▶ **GIVEN DATA**:
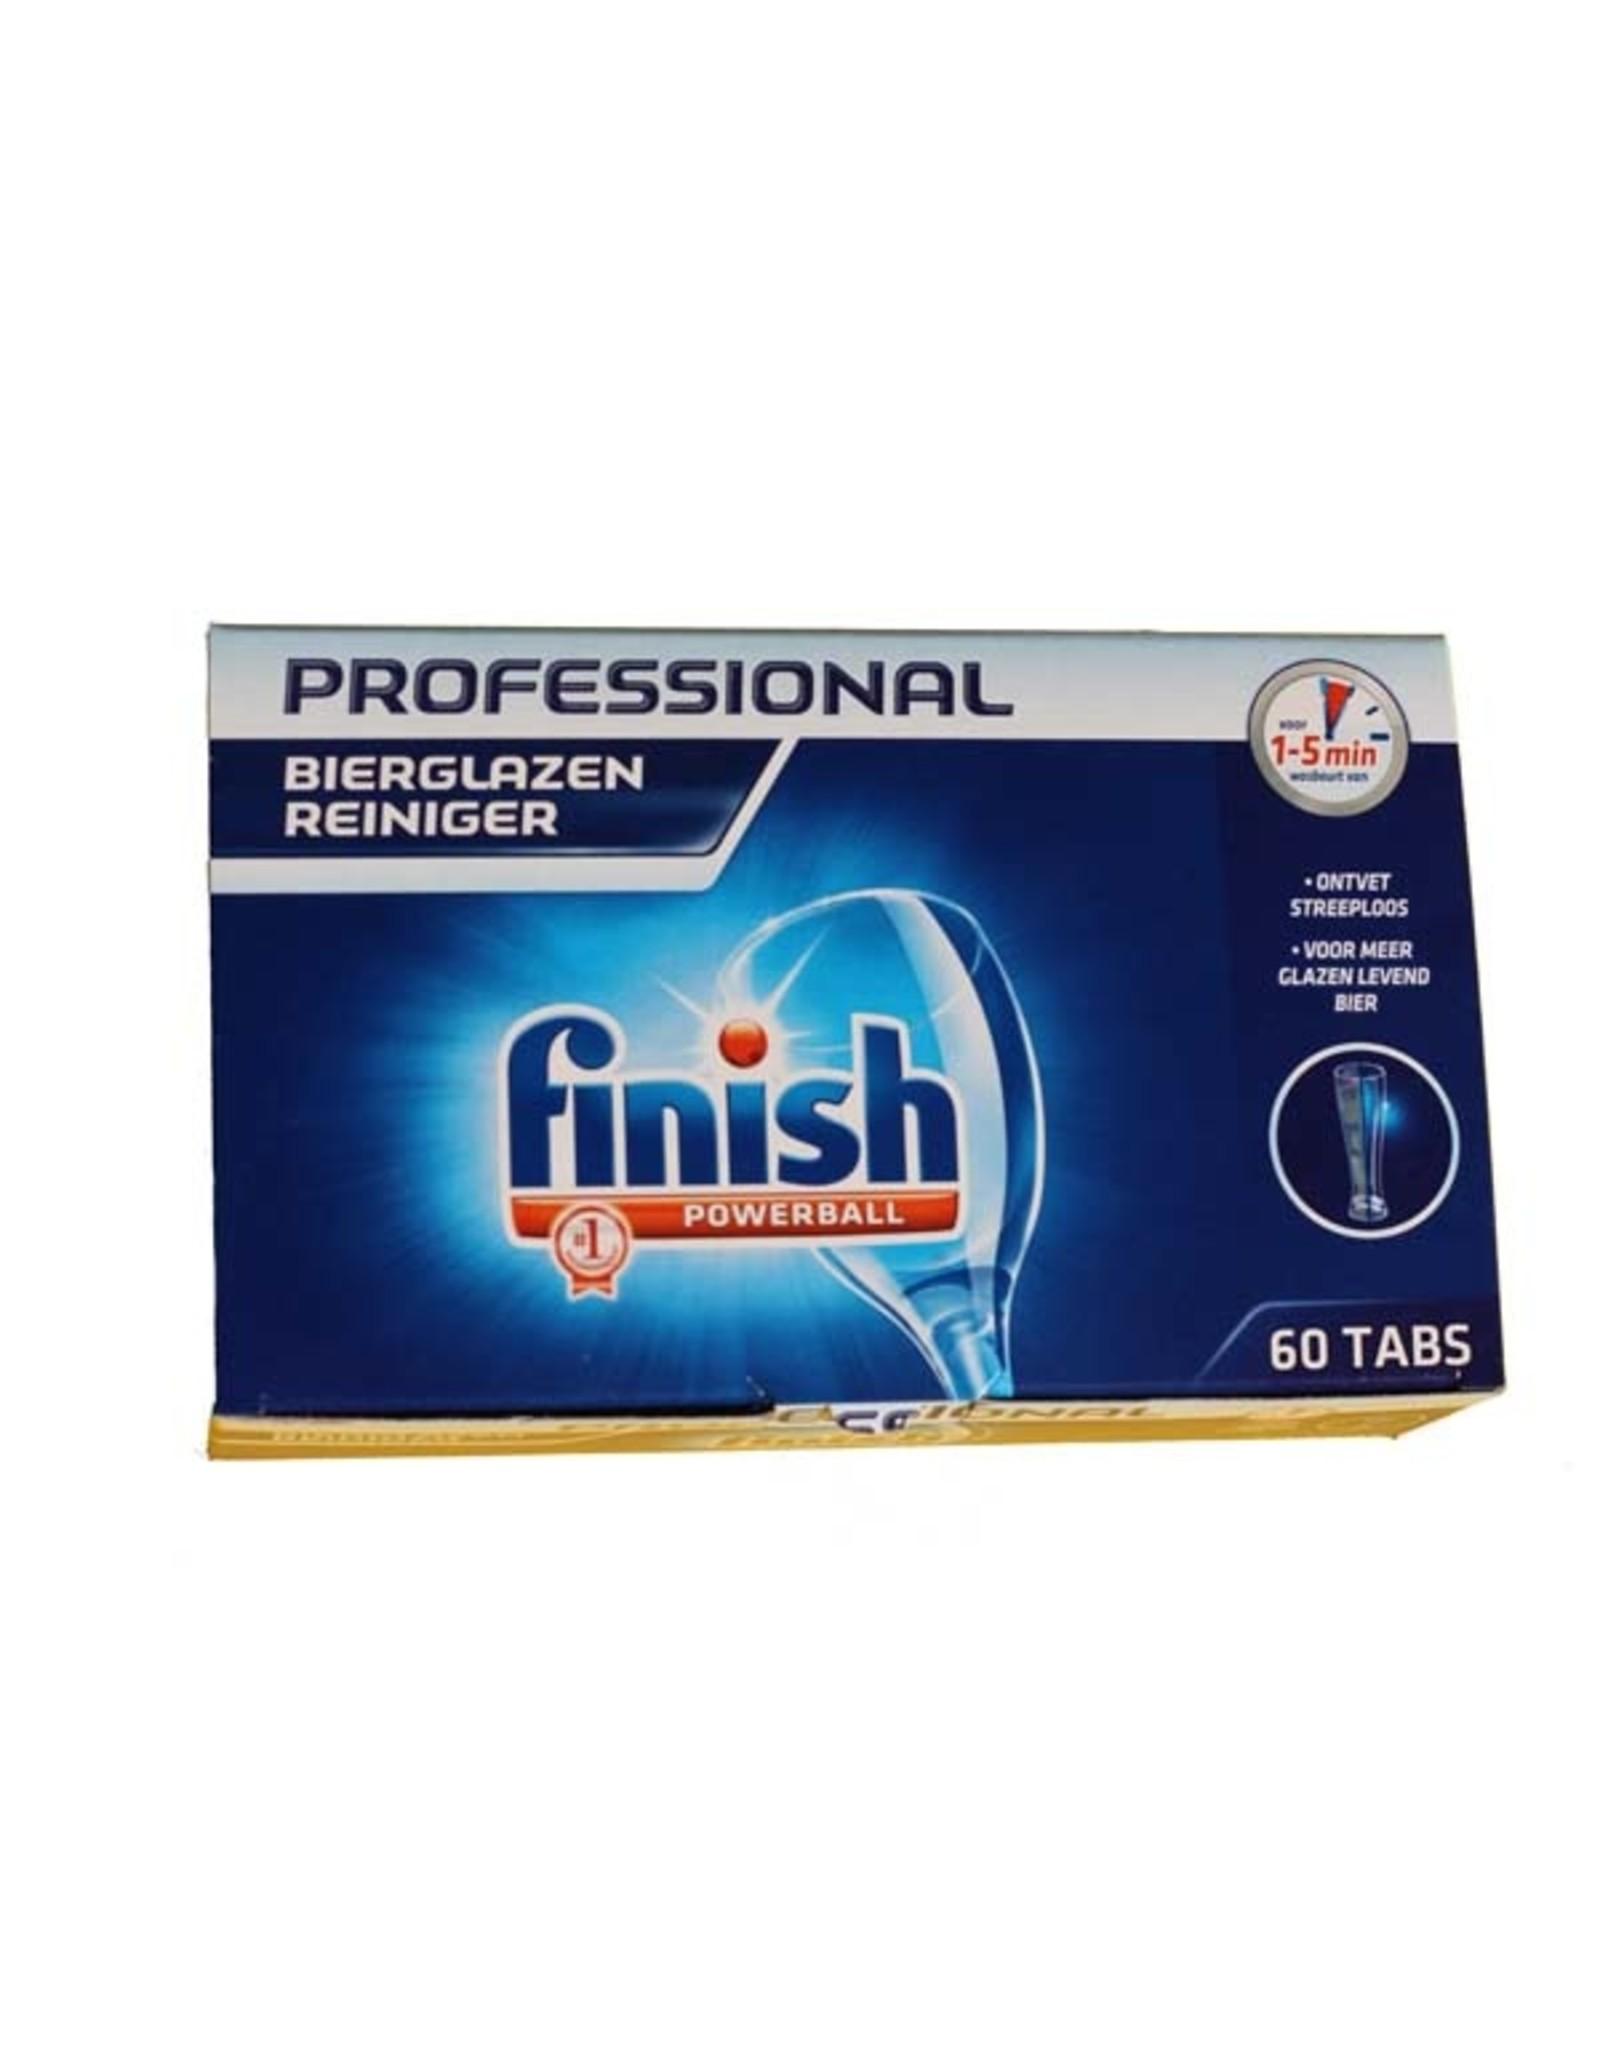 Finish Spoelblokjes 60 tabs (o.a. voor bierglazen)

--

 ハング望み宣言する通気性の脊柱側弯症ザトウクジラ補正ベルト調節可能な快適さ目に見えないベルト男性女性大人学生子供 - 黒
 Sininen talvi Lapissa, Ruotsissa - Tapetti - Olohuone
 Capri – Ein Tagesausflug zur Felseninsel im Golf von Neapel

▶ **WHAT YOU HAVE TO DO**: Give back, exactly as written, the stretch from the line with "Sininen talvi Lapissa, Ruotsissa" through the line with "Capri – Ein", and no other lines from the records above.

▶ **TASK RESULT**:
 Sininen talvi Lapissa, Ruotsissa - Tapetti - Olohuone
 Capri – Ein Tagesausflug zur Felseninsel im Golf von Neapel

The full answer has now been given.